The holiday, which runs until Easter Day on April 17, is a time when huge crowds traditionally gather to watch the elaborate processions in this deeply Catholic country.
Organised by brotherhoods, the parades feature dozens of people dressed in religious tunics and distinctive pointy hoods and elaborate floats topped with statues of Jesus and the Virgin Mary.
Some of the processions date back hundreds of years.
"We're very excited after two years" of being unable to celebrate Holy Week, said Rafael Perez of the Work and Light Brotherhood that stages one of the processions in the southern city of Granada.
In Seville -- whose 680,000-strong population doubles during Holy Week -- people played traditional procession music over loudspeakers or sang mournful saetas from balconies, a capella ballads about the death of Jesus and the grief of his mother.
Everything was thrown up in the air in mid-March 2020 when the country went into lockdown as the virus took hold a month before Easter, hitting Spain badly as it spread like wildfire.
In one of the world's strictest lockdowns, Spain cancelled all religious celebrations, prompting some to improvise festivities at home on their balconies, mostly in the south where Easter processions have been held for centuries.
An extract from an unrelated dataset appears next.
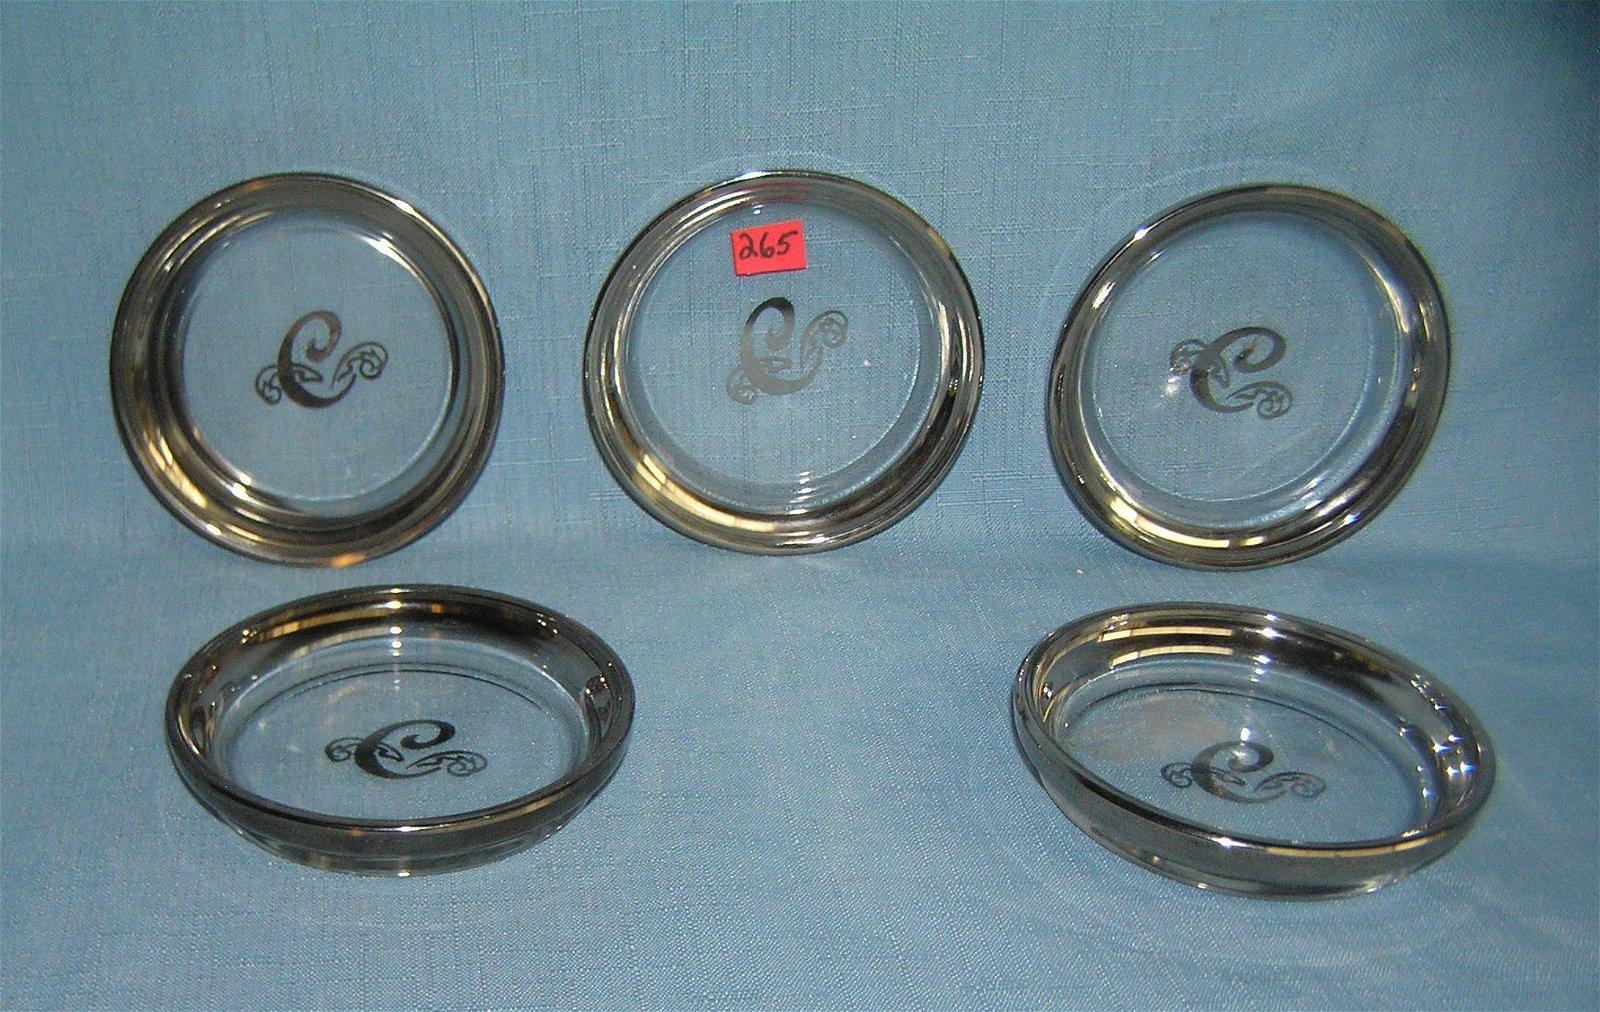 Silver overlay on glass 5 piece vintage coaster set

The situation improved slightly last year, although with memories still fresh of the explosion of virus cases after Christmas the authorities imposed curfews and a ban on travel between regions that clouded the festivities.
The southern city of Seville's impressive Holy Week parades, which had never been cancelled since 1933, were called off for a second year running in a move mirrored across Spain.
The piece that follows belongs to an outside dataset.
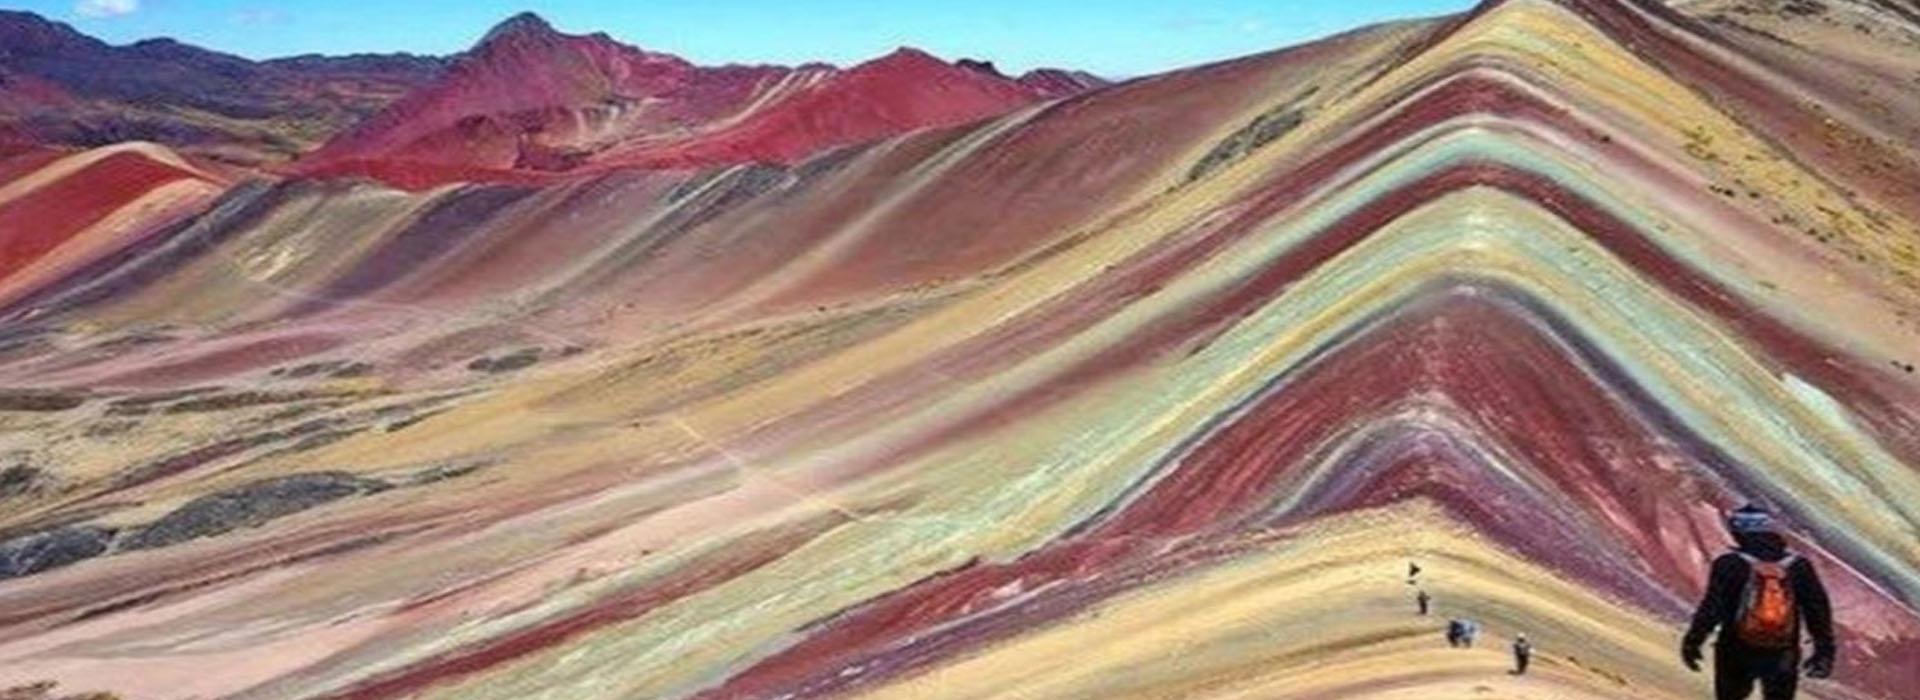 The Rainbow Mountain 1 day

- Return of the tourists -
This year, Spaniards want to make up for lost time and enjoy an Easter week as in times before the pandemic, when they made an average of seven million trips across the country to visit family or hit the beach, Statistica figures show.
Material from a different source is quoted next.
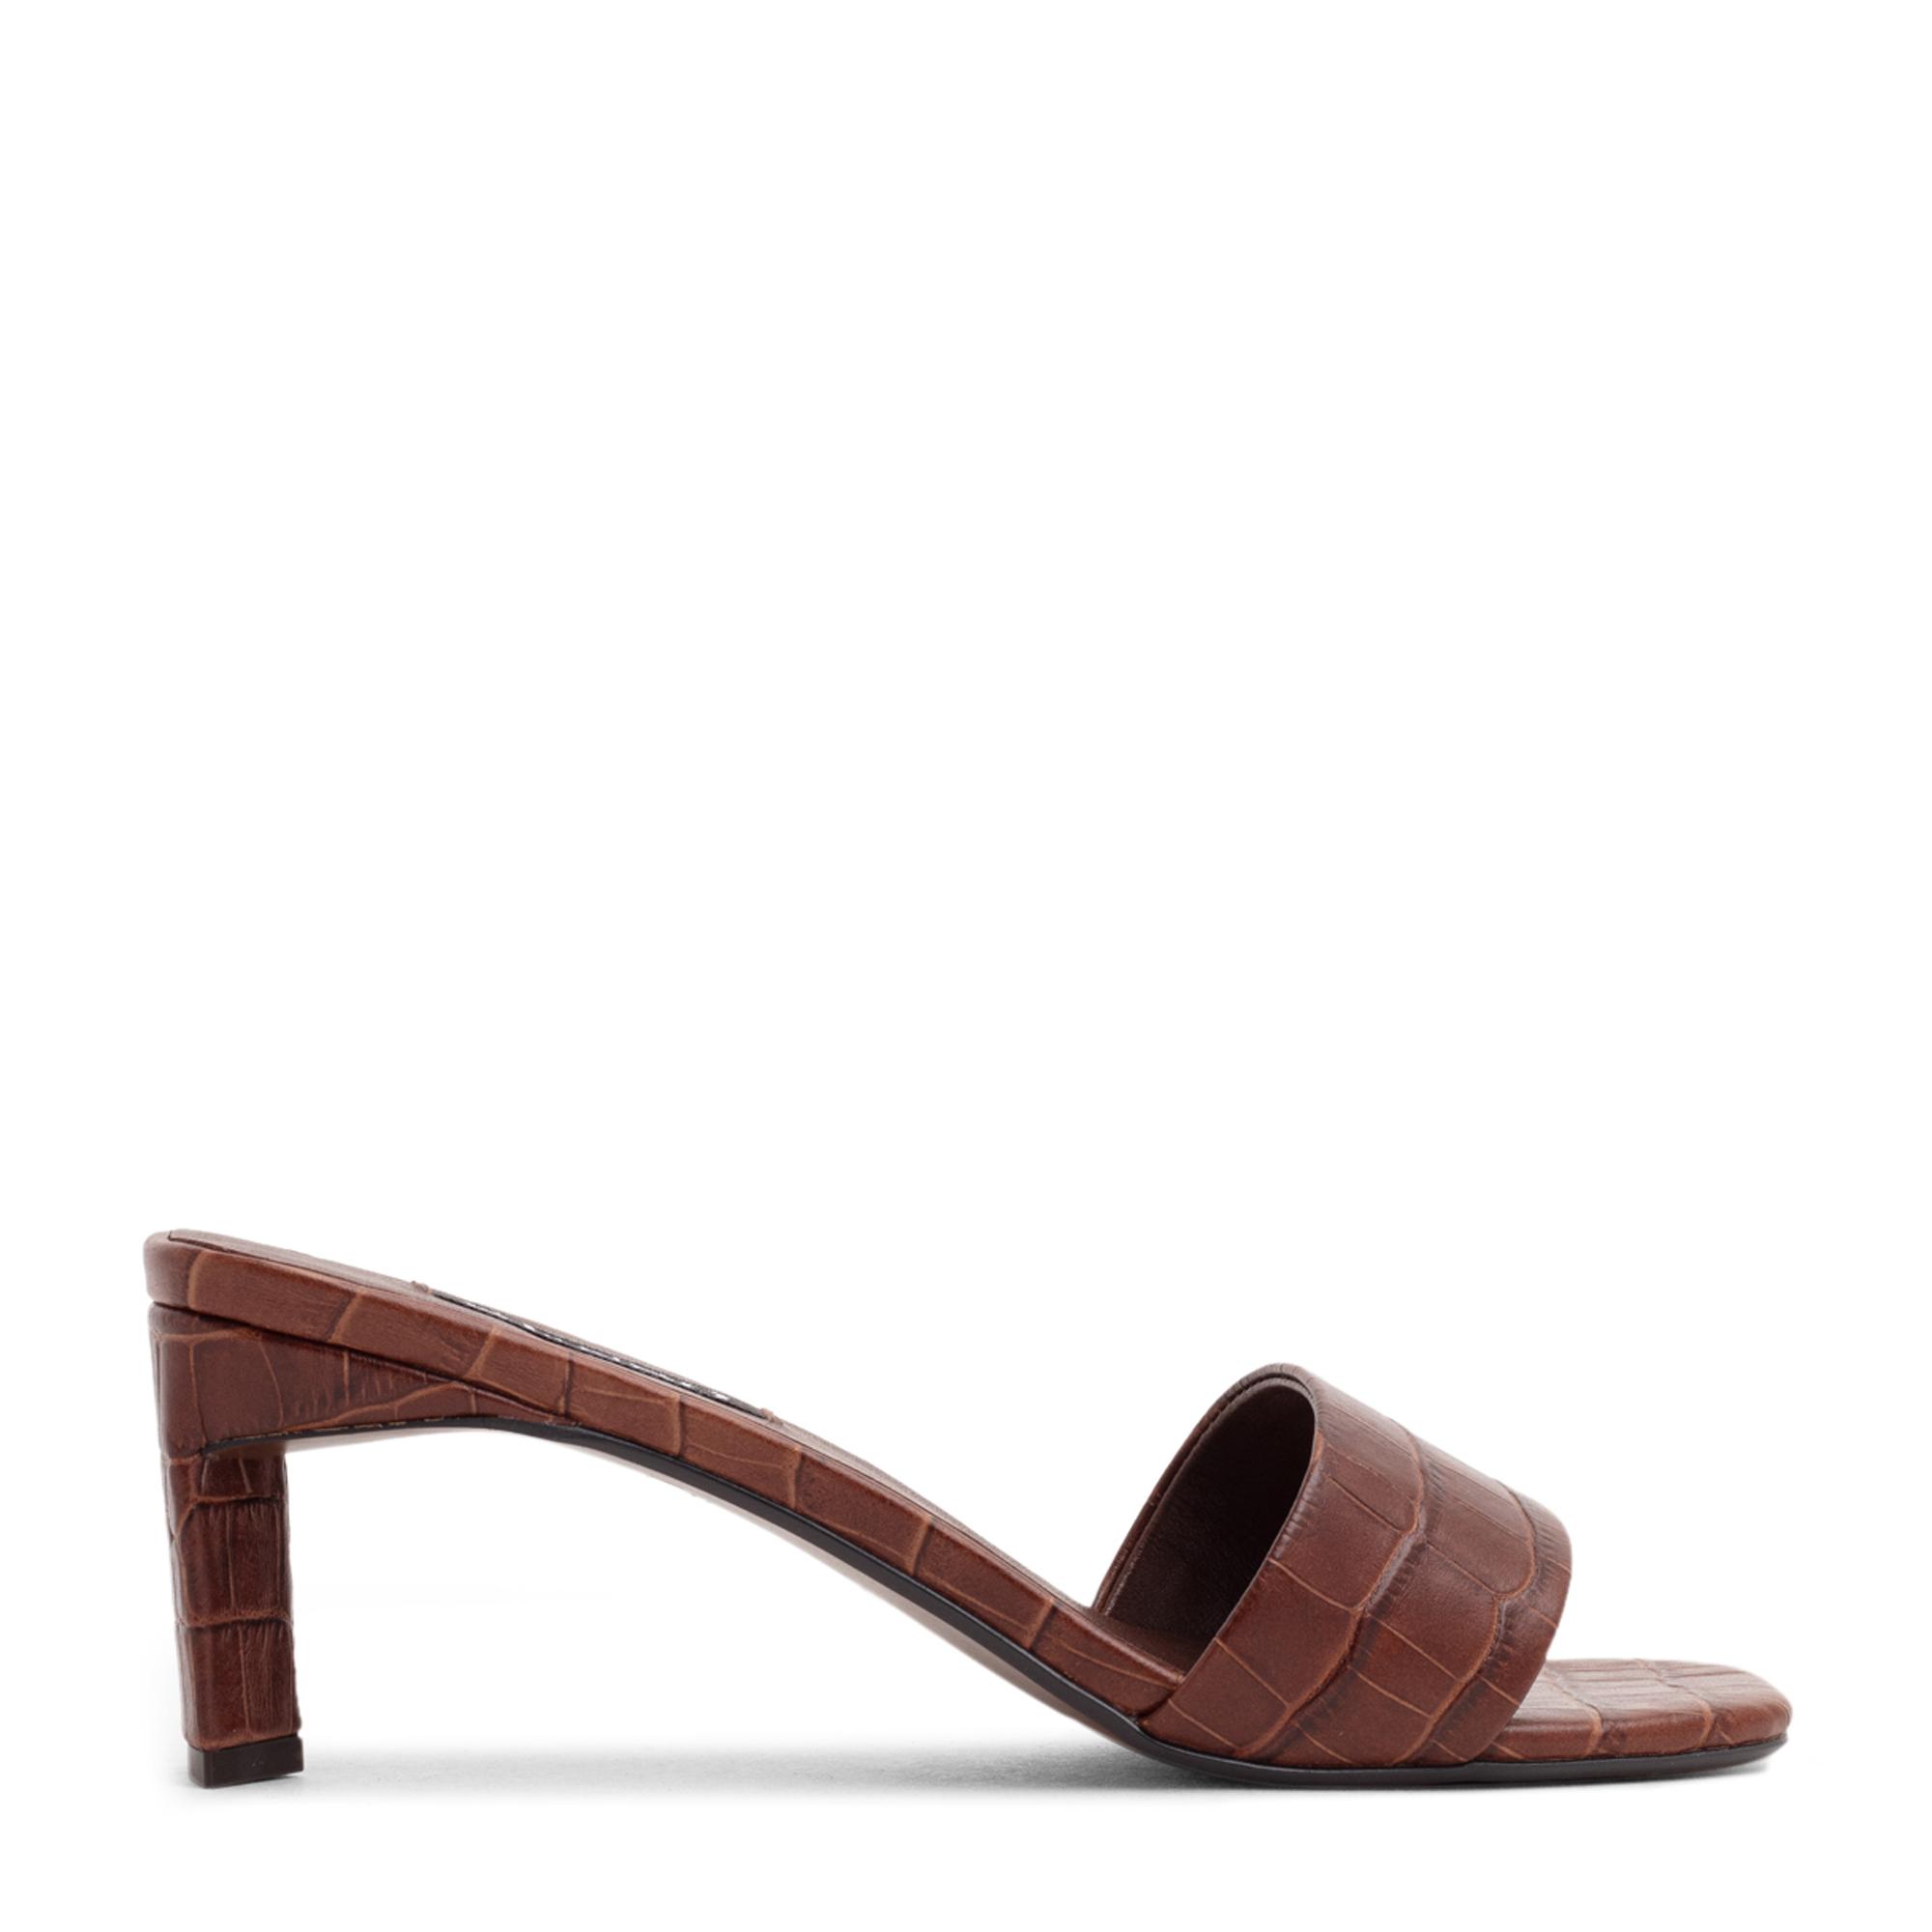 Maisy sandals

"Tourism and business prospects for Holy Week 2022, the first after two years of not being able to celebrate due to the pandemic, are close to 90 percent of the sales levels registered in 2019," the Exceltur tourism association said on Thursday.
In April 2019, a total of seven million foreign tourists visited Spain. Tourism Minister Reyes Maroto said she hoped to see 80 percent of that figure, which would bring much-needed relief to the country's badly hit tourism sector.
Before the pandemic, Spain was the world's second most popular tourist destination after France.
With more than 92 percent of its 47 million residents fully vaccinated, Spain last month embarked on a new strategy to treat the virus as an endemic illness like flu, dropping a requirement for people with mild cases of Covid-19 to self-isolate.
In February it ended a rule requiring people to wear masks outdoors and on April 20, just after Easter, it will also drop an indoor mask mandate, except in hospitals and on public transport.
Seville's City Hall says it is expecting "a large turnout after two years without celebrations" with more than 70 brotherhoods ready to conduct their traditional marches through the city.
With hundreds of thousands of visitors expected, Andalusia's regional government has recommended all participants wear masks and that testing be carried out on the many teams carrying the huge religious floats bearing statues of the Virgin Mary and Christ.